Pitchfork: It does feel like a rare instance of getting to—as the title suggests—experience the story of the band without a lot of the heavier context.

BP: It's Nirvana lite. [laughs] I had to ask myself: Why was that period of music history so exciting for me? I was a real indie activist in the 80s. I started a Sub Pop fanzine in 1980, reviewed thousands of indie records, and started my own indie record store in Capitol Hill called Fallout. I had radio shows. So, in thinking about the 80s, I had to appreciate how resourceful the culture was at the time—nobody had any money—and how cooperative the scene was. You'll notice in the book that everyone is wearing each other's t-shirts, for example.

It was a very different culture. Post-Nevermind, every band knew in the back of their minds that they could start out in a garage and wind up being famous millionaries because that model had been set. Prior to Nevermind, that just wasn't even part of the conversation. People approached music a little differently.

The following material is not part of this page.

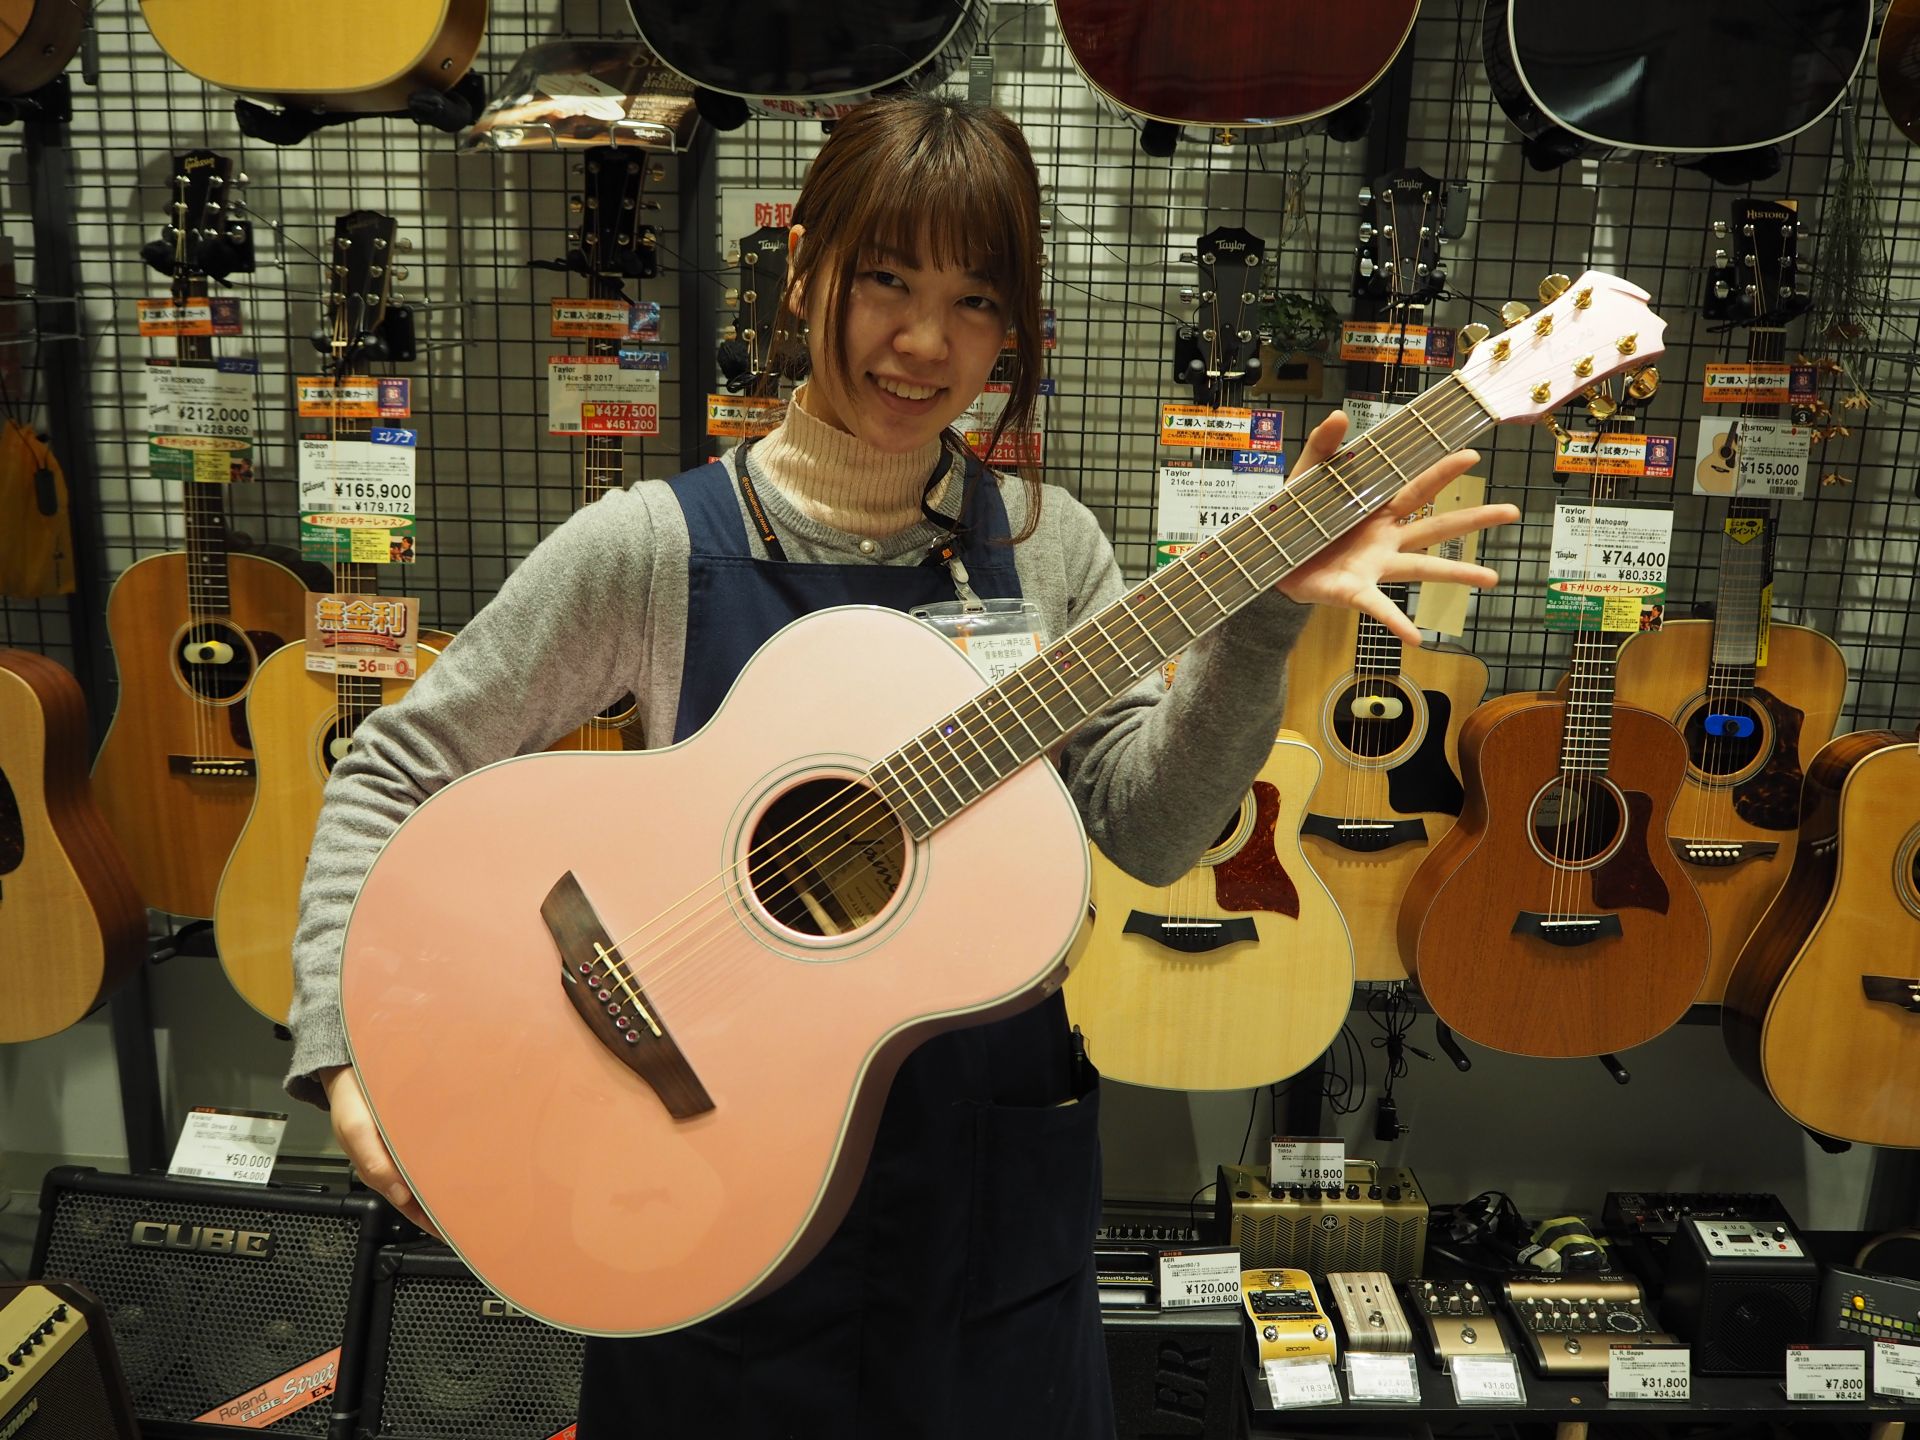 アコースティックギター 新入荷 春らしいカラーで可愛いアコースティックギターj 500a Spcが入荷しました 限定商品 イオンモール神戸北店 店舗情報 島村楽器

Pitchfork: You refer to the bands as "mutual admiration societies within a network of hobbyists." Was the idea of a career in music even floating around?

BP: No. Music careerists from Seattle would typically move to the closest media center, which was L.A. The idea of having an indie rock "career" while living in a remote backwater like Seattle was too ridiculous to contemplate. It was simply about having adventures, one day at a time, one song at a time.